Но это ещё не всё. Агаолайт, бывший, как и Феранор, «феникс», к негодованию и удивлению последнего поддержал именно Каэльдара, быстро и доходчиво объяснив капитану с приграничья, что они находятся не на границе, где каждую минуту может произойти нападение. Это там был явный общий враг, против которого Дома объединялись, забывая свою вражду. Там эльфы были куда проще и ближе друг к другу, и их не смущало, что ими командует эльдар из чужого Дома. Там о таких вещах даже не задумывались. Скажет легат «Феранор, надо!» и Феранор пойдёт и сделает, а не спросит «зачем?» и не станет доковыриваться, нет ли здесь какой интриги против его Дома?
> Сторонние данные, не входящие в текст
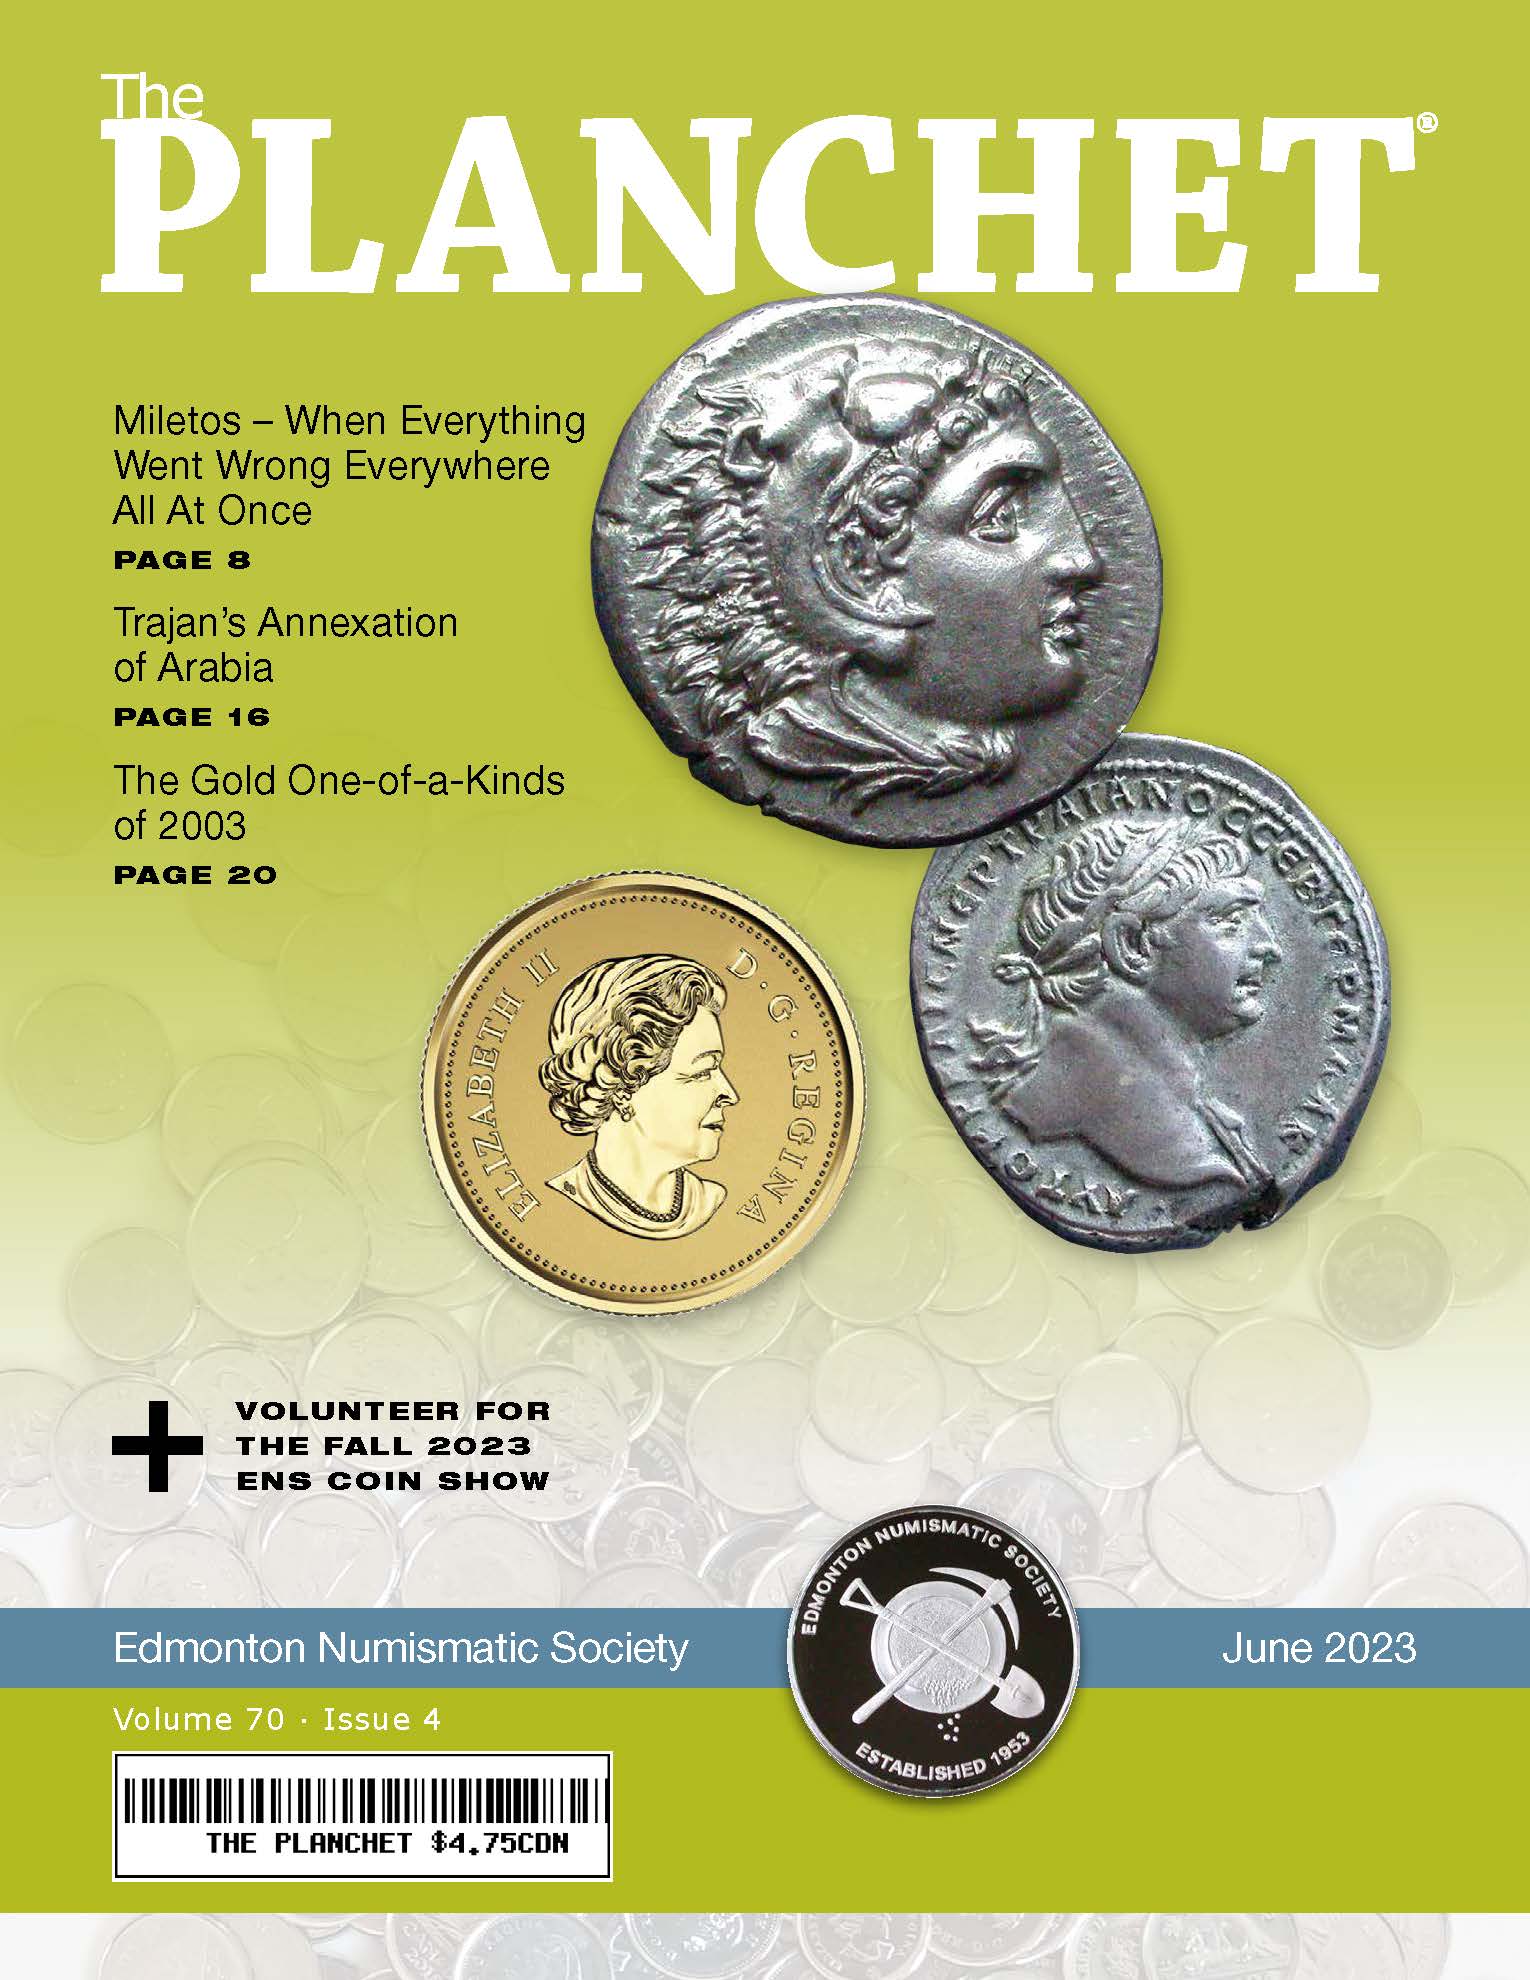 The Planchet Numismatic Magazine: June 2023
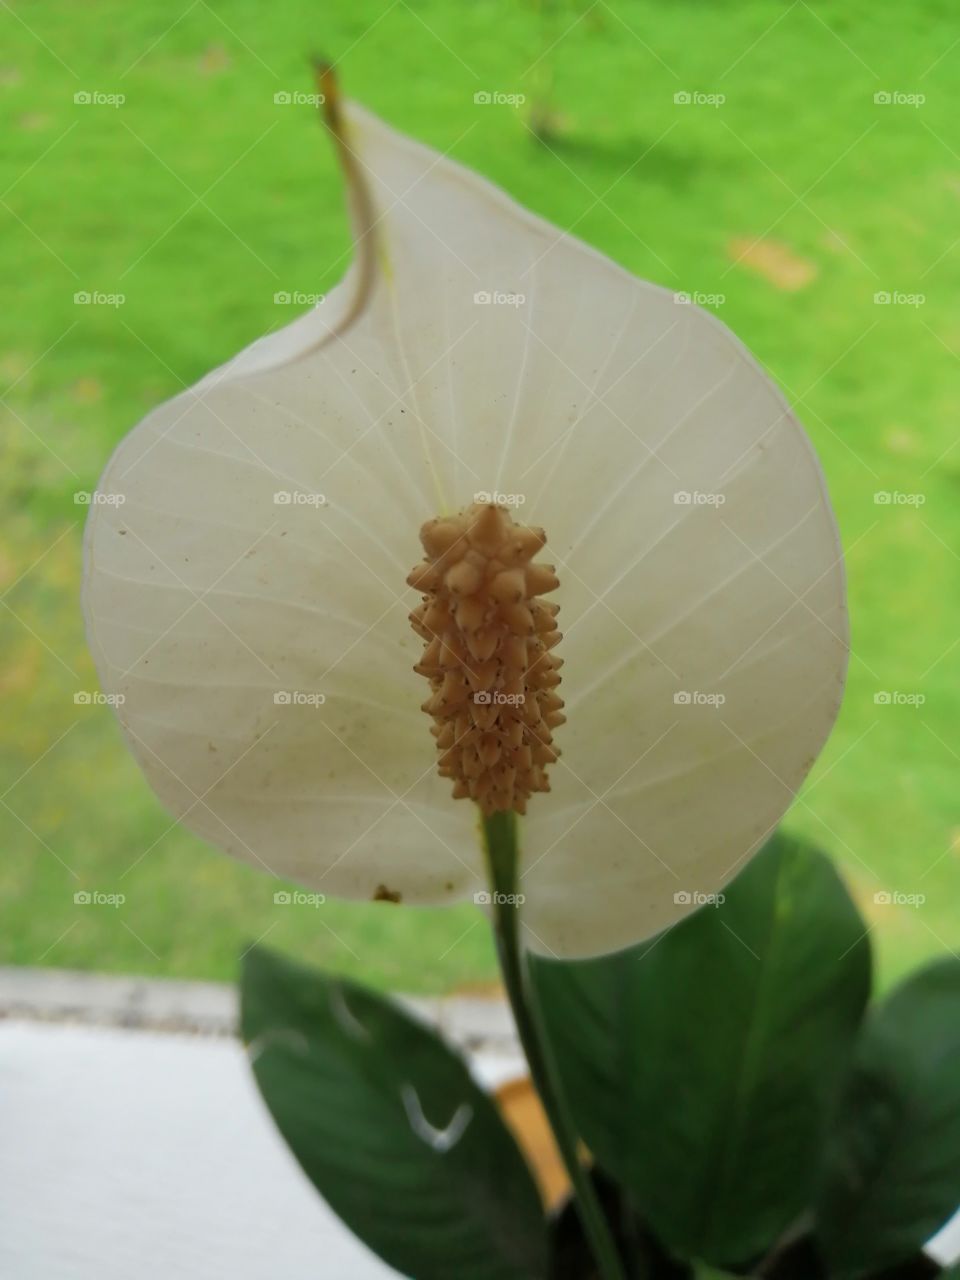 The fresh white flower.

Но это всё осталось там, здесь же собрались благороднейшие роды Эльвенора. Эту «золотую молодежь» на границу не затащишь и даже, идя в гвардию, служат они исключительно в столичных сотнях, поближе к своей привычной жизни: придворным балам и дружеским вечеринкам. Посылку за море такие воспринимают как наказание. К тому же командует ими здесь не их командир, лорд Гилэтэй, а какой-то присланный с Дикого Приграничья капитан, назначенный по настоянию Сенешаля Владычицы. Они недовольны и считают это оскорблением, потому не стоит быть снобом и требовать от эльдаров чего-то сверх меры — служебного рвения Феранора здесь никто не оценит.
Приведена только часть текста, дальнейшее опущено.